On the other hand, there is a bit of a circling-of-wagons tone and some tension between embracing new modes and clinging to the past. Consider this passage from the report:
While we advocate incorporating into the major the study of a variety of texts, we insist that the most beneficial among these are literary works, which offer their readers a rich and challenging—and therefore rewarding—object of study. Our cybernetic world has brought us speed and ease of information retrieval; even where the screen has replaced paper, however, language still remains the main mode of communication. Those who learn to read slowly and carefully and to write clearly and precisely will also acquire the nimbleness and visual perceptions associated with working in an electronic environment.
The belief that working with the alphabetic text will translate into nimble visual perceptions feels a bit like a reach; instead of learning about layering, cropping, and arrangement in a visual space, we might play with words and develop the same perceptions. This seems like a pretty clear hiccup in the report, especially given the clear emphasis on outcomes and skills later.
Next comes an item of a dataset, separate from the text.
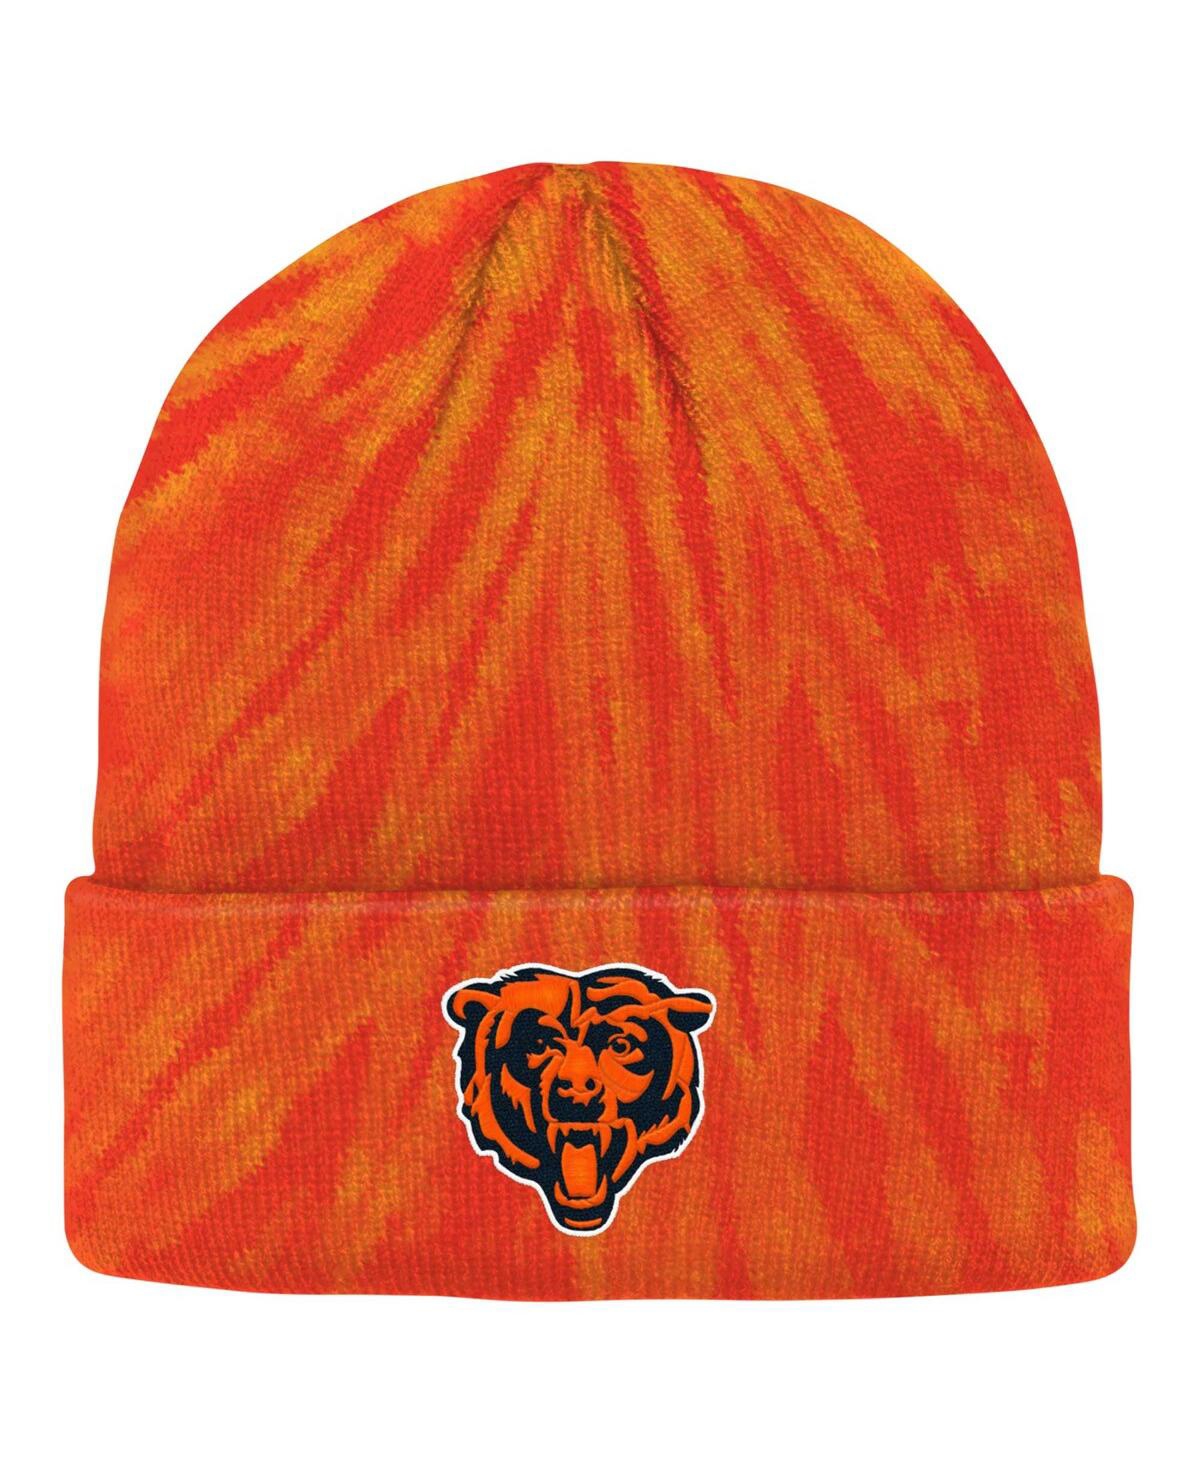 Outerstuff Kids' Big Boys And Girls Orange Chicago Bears Tie-dye Cuffed Knit Hat

Also lurking beneath the surface here is the composition question. The report plugs closer integration between literary studies and language and composition, but never really picks up the freighted discussion about the role of composition in the future of English studies. Some might suggest that composition has already been keeping the discipline afloat in terms of relevance. Possible futures include split disciplines in which composition moves away from the English major, continued marriages (with varying degrees of happiness) between the two, or perhaps some more productive alliances.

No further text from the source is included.